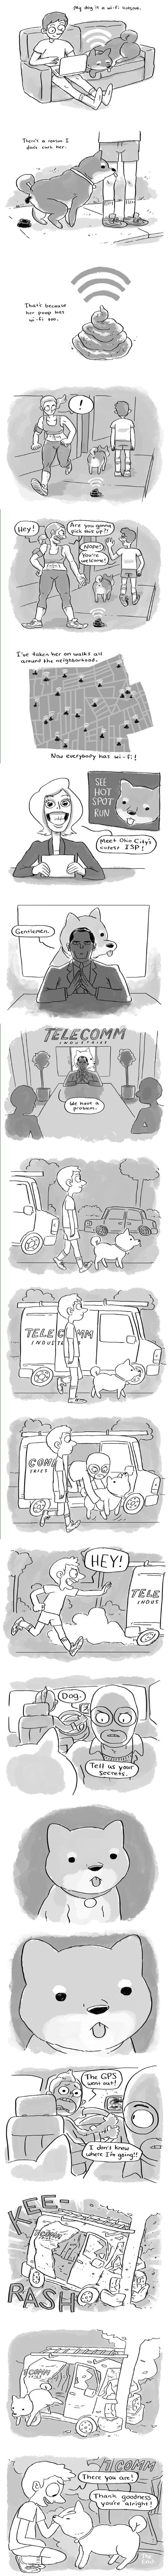 dogs wi-fi funny web comics - 7934861312
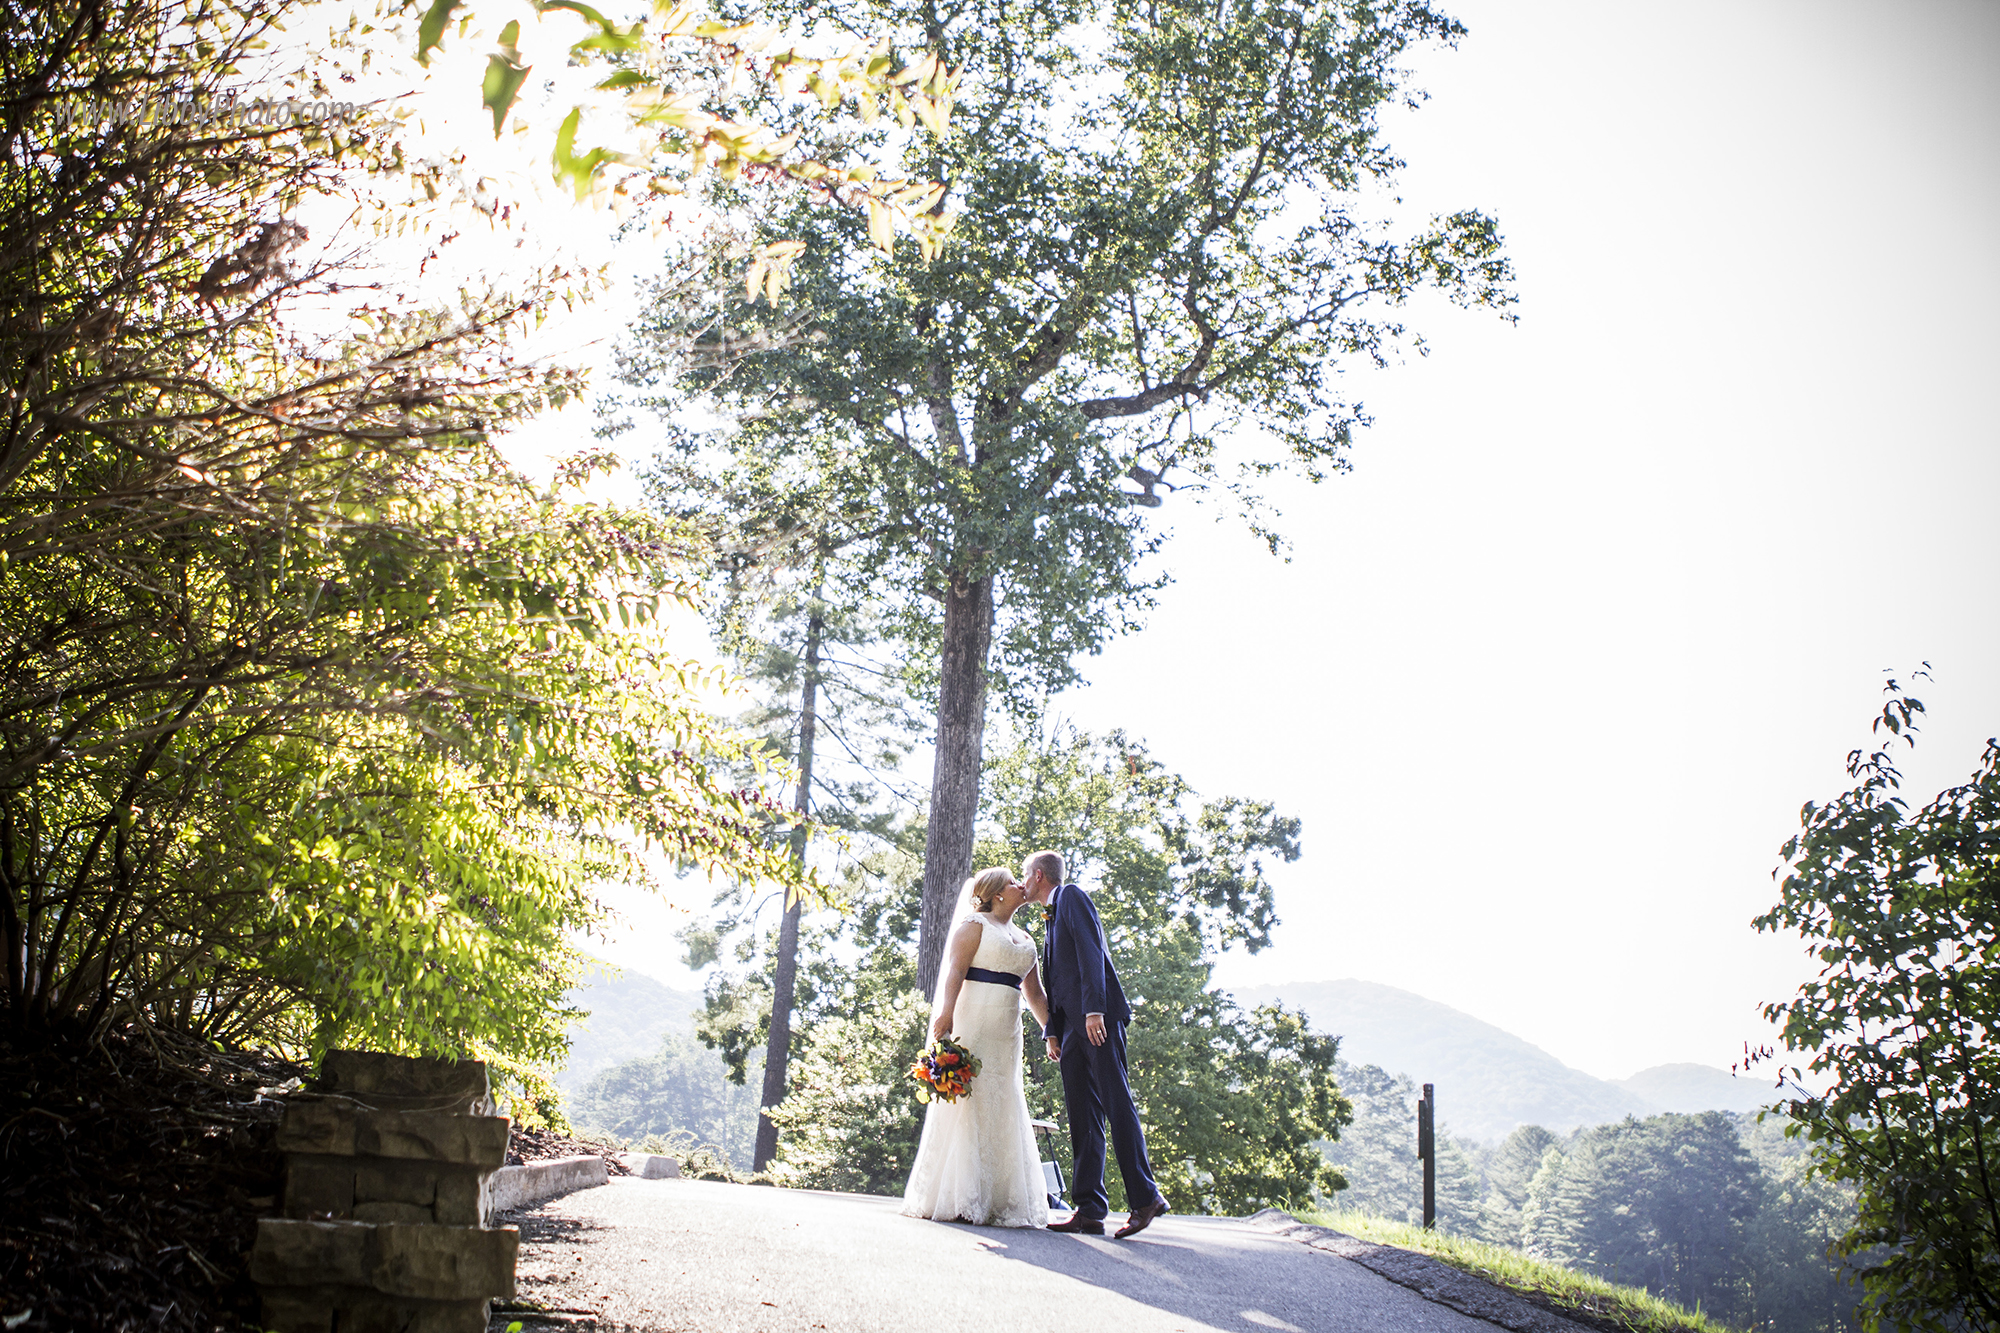 Atlanta wedding photography, Libbyphoto11 (17).jpg
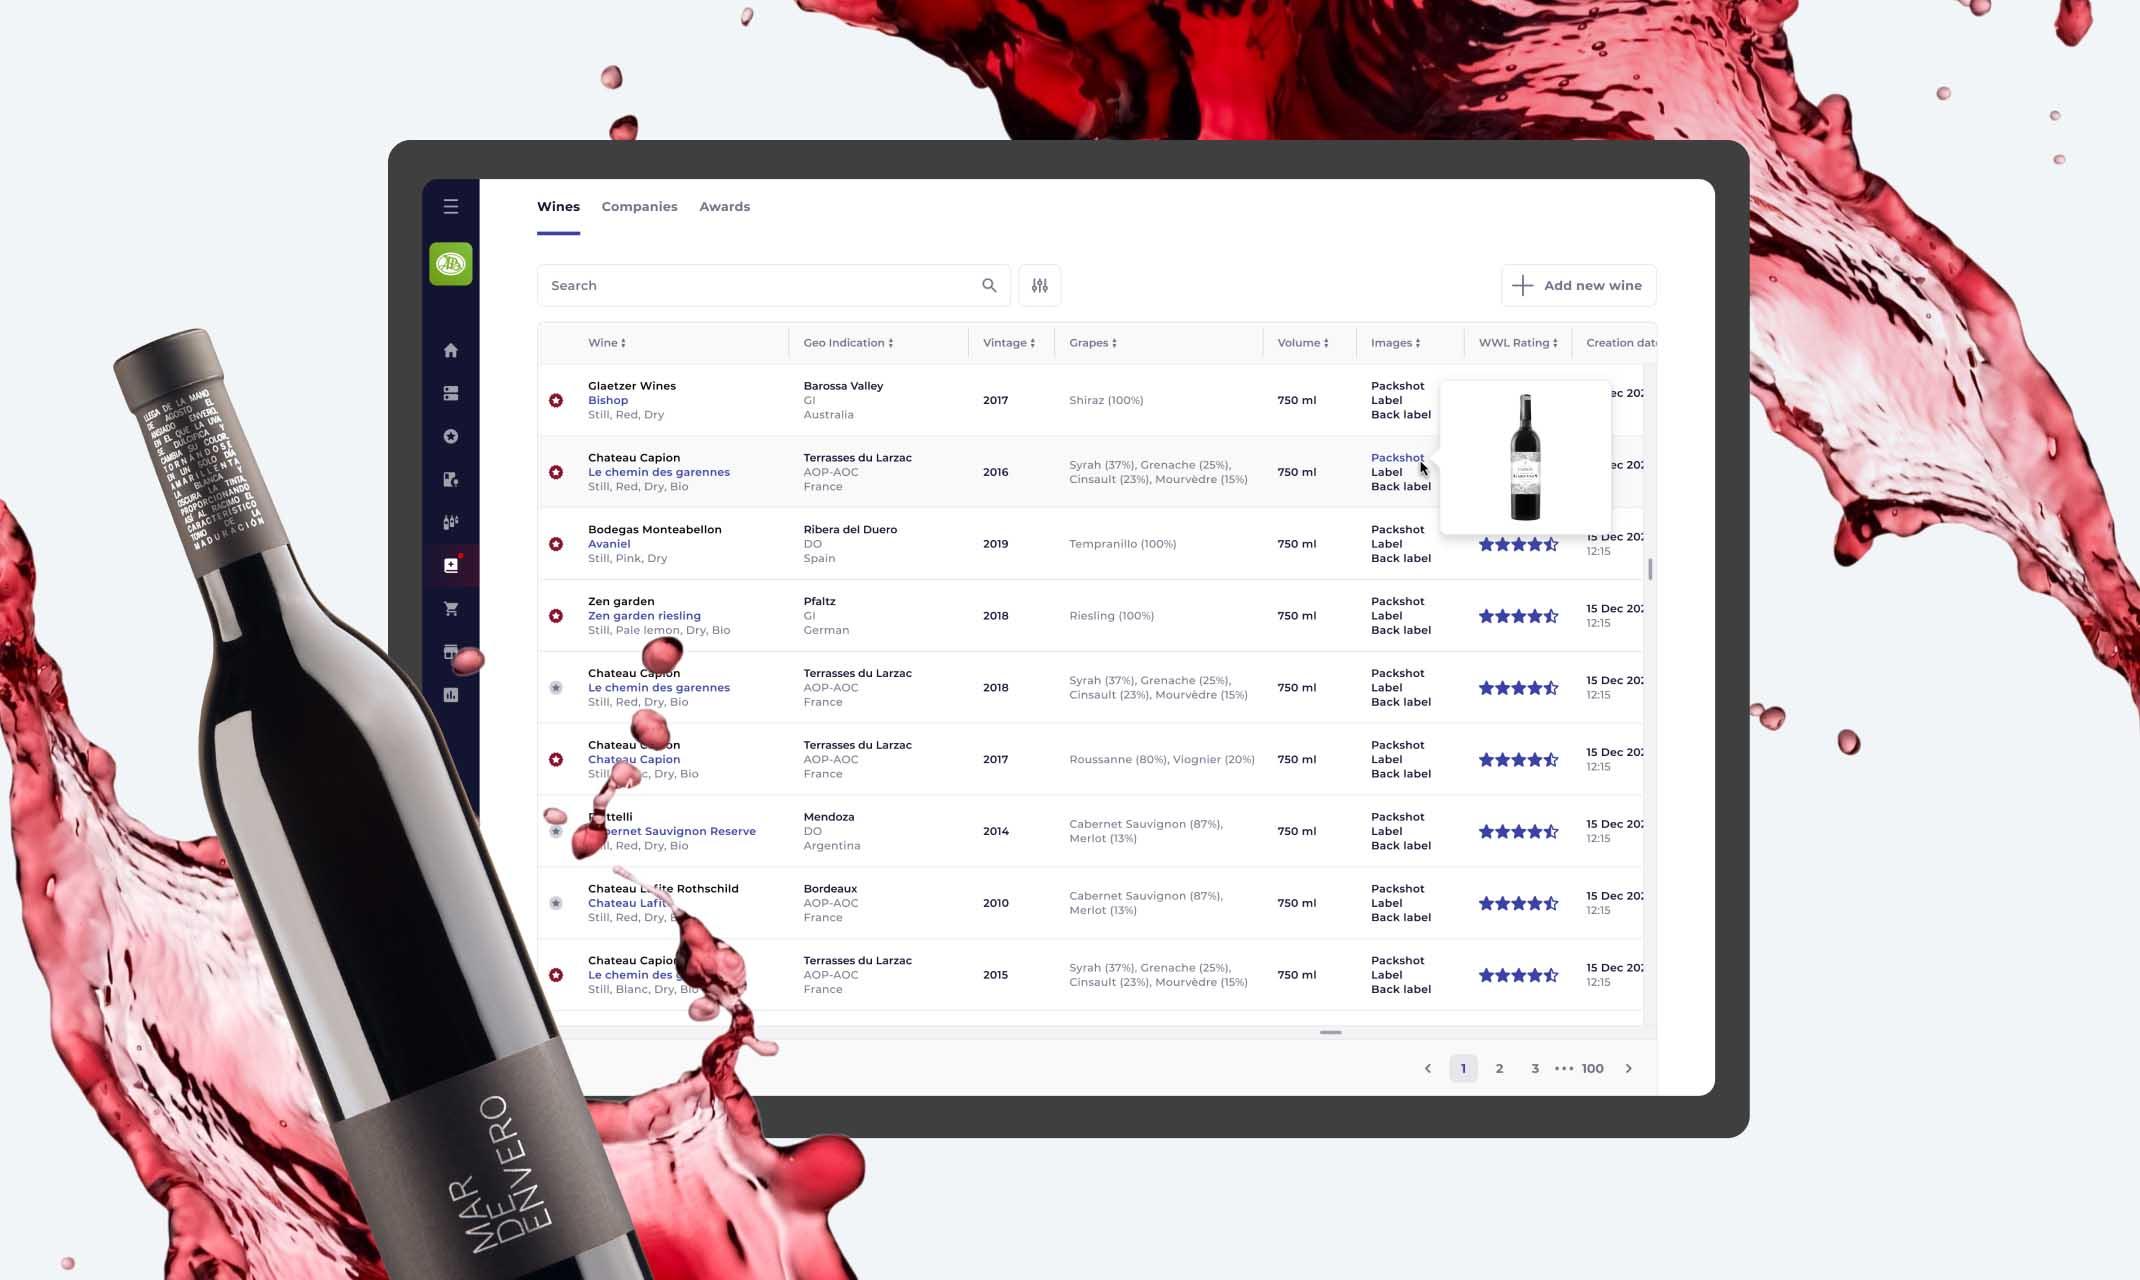 World Wine List
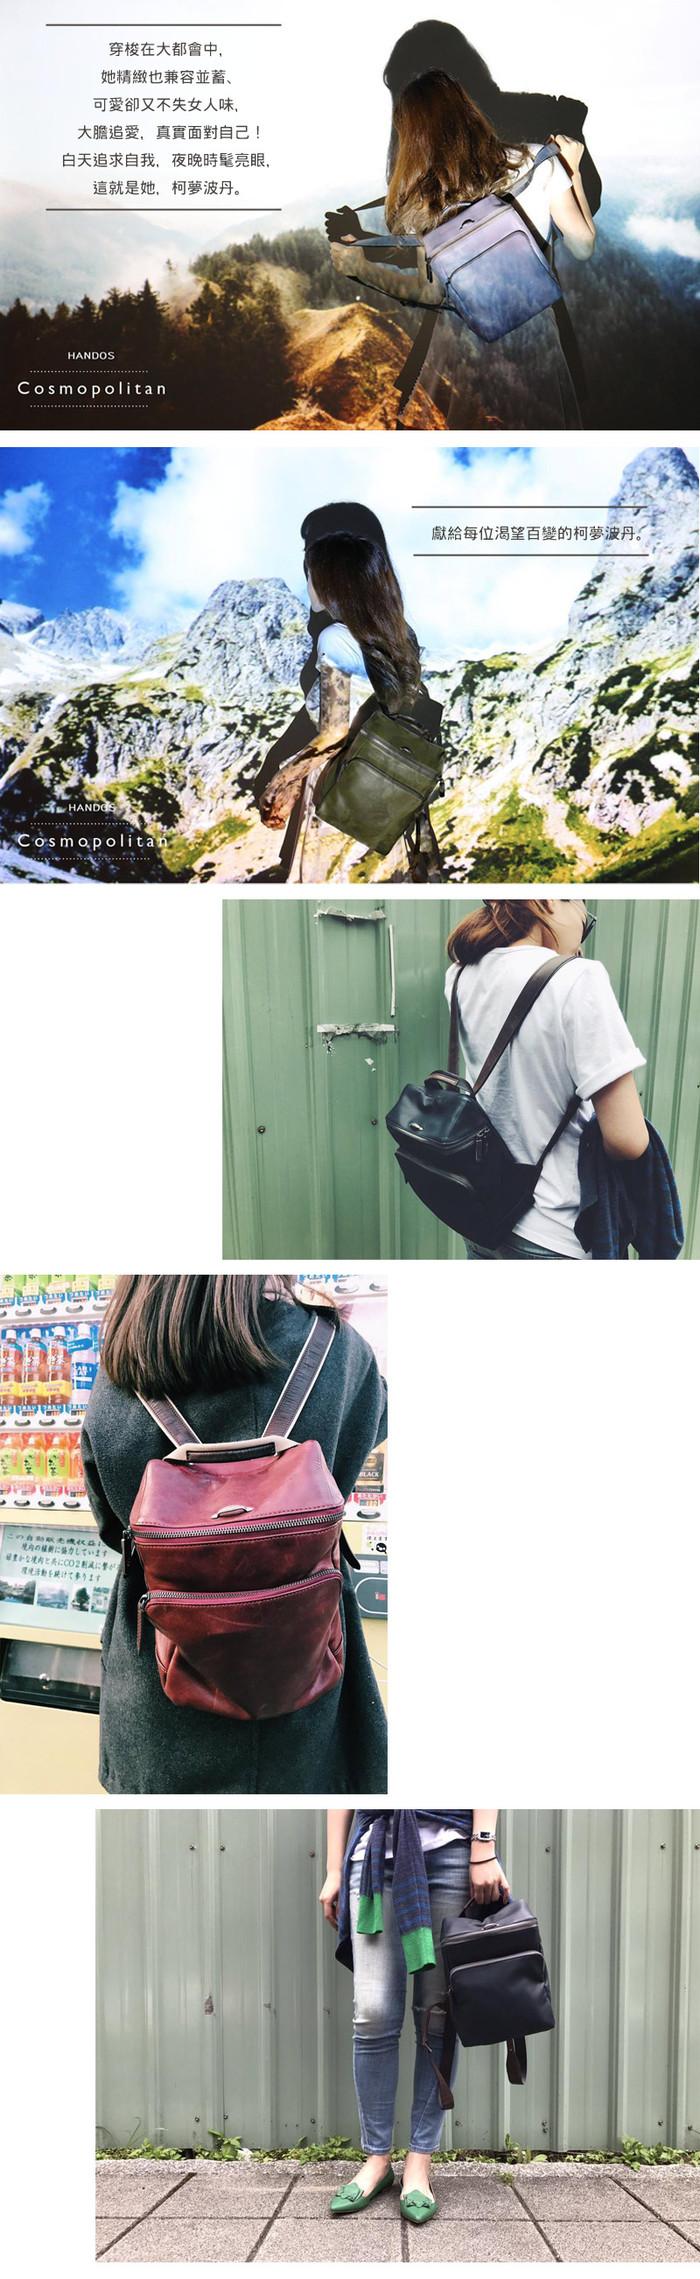 (複製)HANDOS|  Acordeon 三折風琴肩背包 - 墨水藍 x 羽毛白
● ● ● ● ●
#### WORK TO COMPLETE:
The lines to copy run from the one with "Atlanta wedding photography, Libbyphoto11" through the end of the material. Write them out exactly, leaving out the pictures.

#### RESPONSE TO THIS EXERCISE:
 Atlanta wedding photography, Libbyphoto11 (17).jpg
 World Wine List
 (複製)HANDOS|  Acordeon 三折風琴肩背包 - 墨水藍 x 羽毛白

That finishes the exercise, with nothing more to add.